Page 20 of The Family Plot

“Uh-huh,” she nodded. She didn’t look away from the mirror. She couldn’t do it if she’d wanted to. “Go on, I’m right behind you.”

  When Gabe was gone, she swallowed, and counted, and breathed. She looked into the mirror, then quickly away. It was shadowed by weird gleams and angles thrown by the flashlight in her lap. She felt a breath on her neck, a cotton-soft gust that wouldn’t blow out a candle—and she threw up her hands without even meaning to. She closed her eyes. It was easier that way. “Who are you?”

  Open the left-hand drawer.

  With quivering hands, she did what she was told, looking away from the glass. She blinked down into the drawer and saw a metal pendulum on a string and a series of cards. One card had a circle with numbers around its edge, like a clock.
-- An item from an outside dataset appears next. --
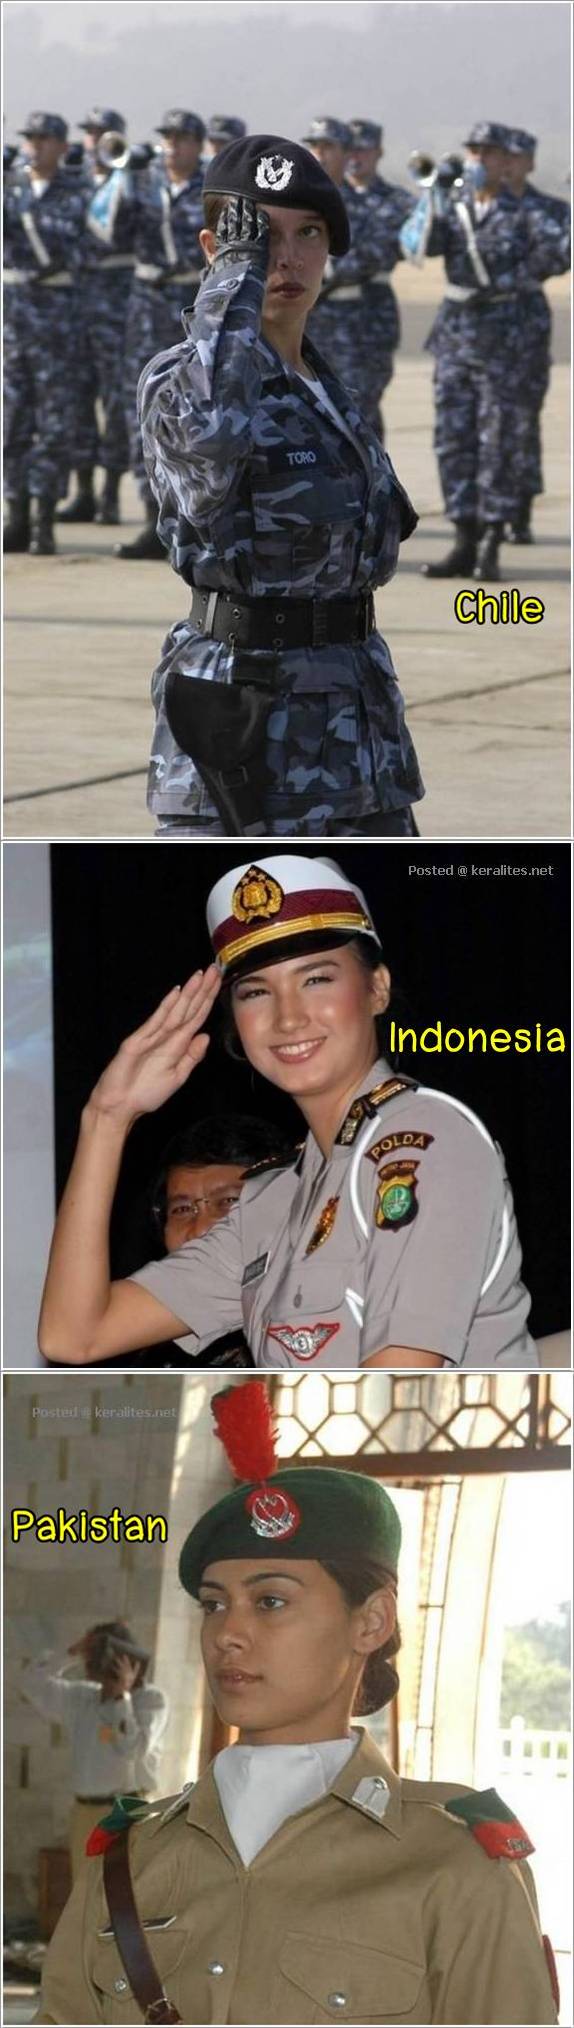 ทหารหญิงของแต่ละประเทศ

One had letters. Below the cards, she turned up a dog-eared paperback on astrology, and another one regarding communication with the dead.

  “Are you … are you Augusta’s aunt, Hazel?” Dahlia guessed. Suddenly, she didn’t want the lady to leave. “Was this your room?”

  Down in the drawer, a scratching noise—like a large bug, or a small mouse. The pendulum wiggled. Dahlia picked it up; it vibrated in her palm. “Hazel?”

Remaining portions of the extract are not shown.